The last two decades have been a period of ceaseless experimentation for the artist, who has also made drawings determined solely by the movements of the wind. To complete all the classic four elements—earth, air, wind, and fire—next on the agenda is experimentation with gun powder. But first, she says, she has to figure out a way to ignite the stuff without blowing herself up.
Ann Landi
Dora Dillistone gets primed to make a “literal landscape.” More about her work can be found at www.doradillistone.com.
Top: Untitled Landscape, dirt, dry pigment, driven by rain on paper, 45 by 57 inches. Photo of Dora Dillistone by Paul O’Connor.
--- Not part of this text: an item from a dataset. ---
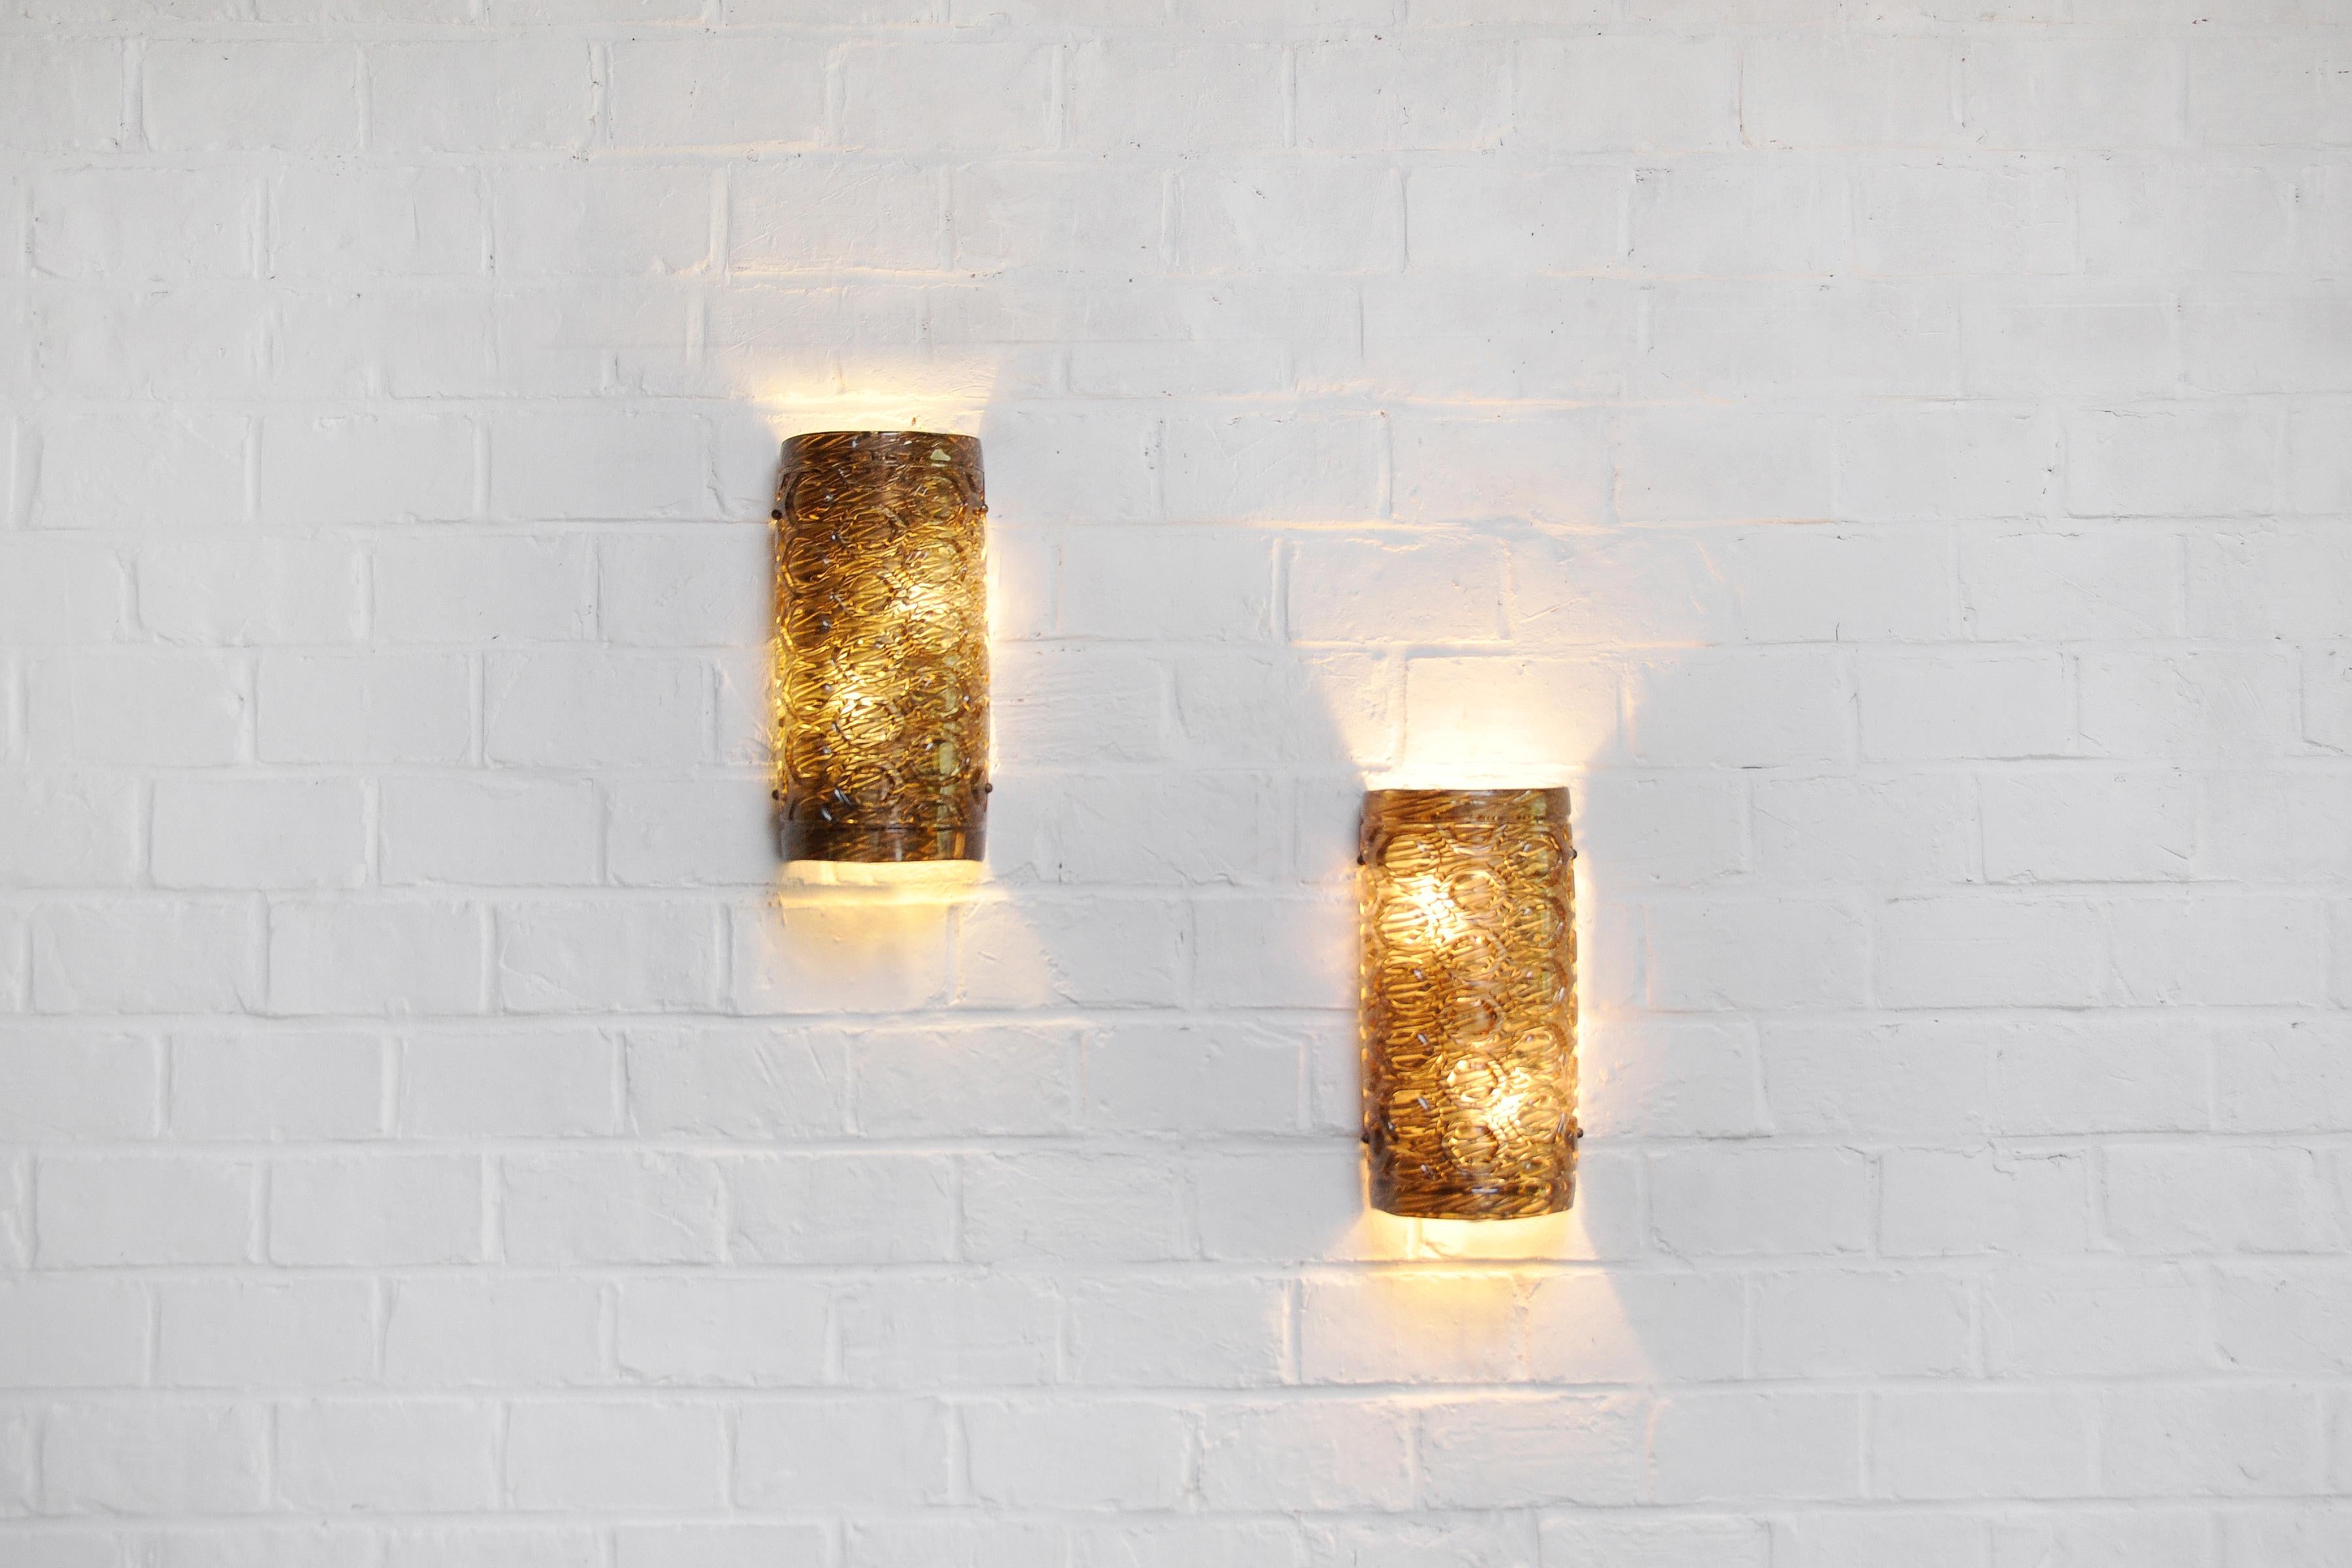 Pair of Italian Murano Glass Wall Lights with Geometric Patterns, 1960's For Sale 1

Ann, loved this, I have seen Dillistone’s work at a few shows in Taos and she is one of the few artists here that interest me. Andy Goldsworthy does pieces some what like these with snowballs on paper. My work has lots of chance built into it, but unlike Dora I still need to have my hand in it as well. I do like the idea of being in partnership with nature and it is an exciting way to work.
You are quite right, Jim. I tried to figure out a way to work that lineage into the piece. Thanks for doing it for me!
Borrowing from the title of a book about Duchamp’s work, I can’t help but think of “the Aesthetics of Chance.” Thank you, Ann, for introducing me to Dora Dillistone’s work.
A very interesting piece on the history of Dora’s process and how she combines an experimental approach using the natural landscape with a documentation of scientific information on the work. Her pieces are both beautiful and fragile.
Wonderful work! Thanks so much for featuring this artist!
Stunning work – love how Dora and paper together create a conduit for nature’s beautiful flowing expressions to surface.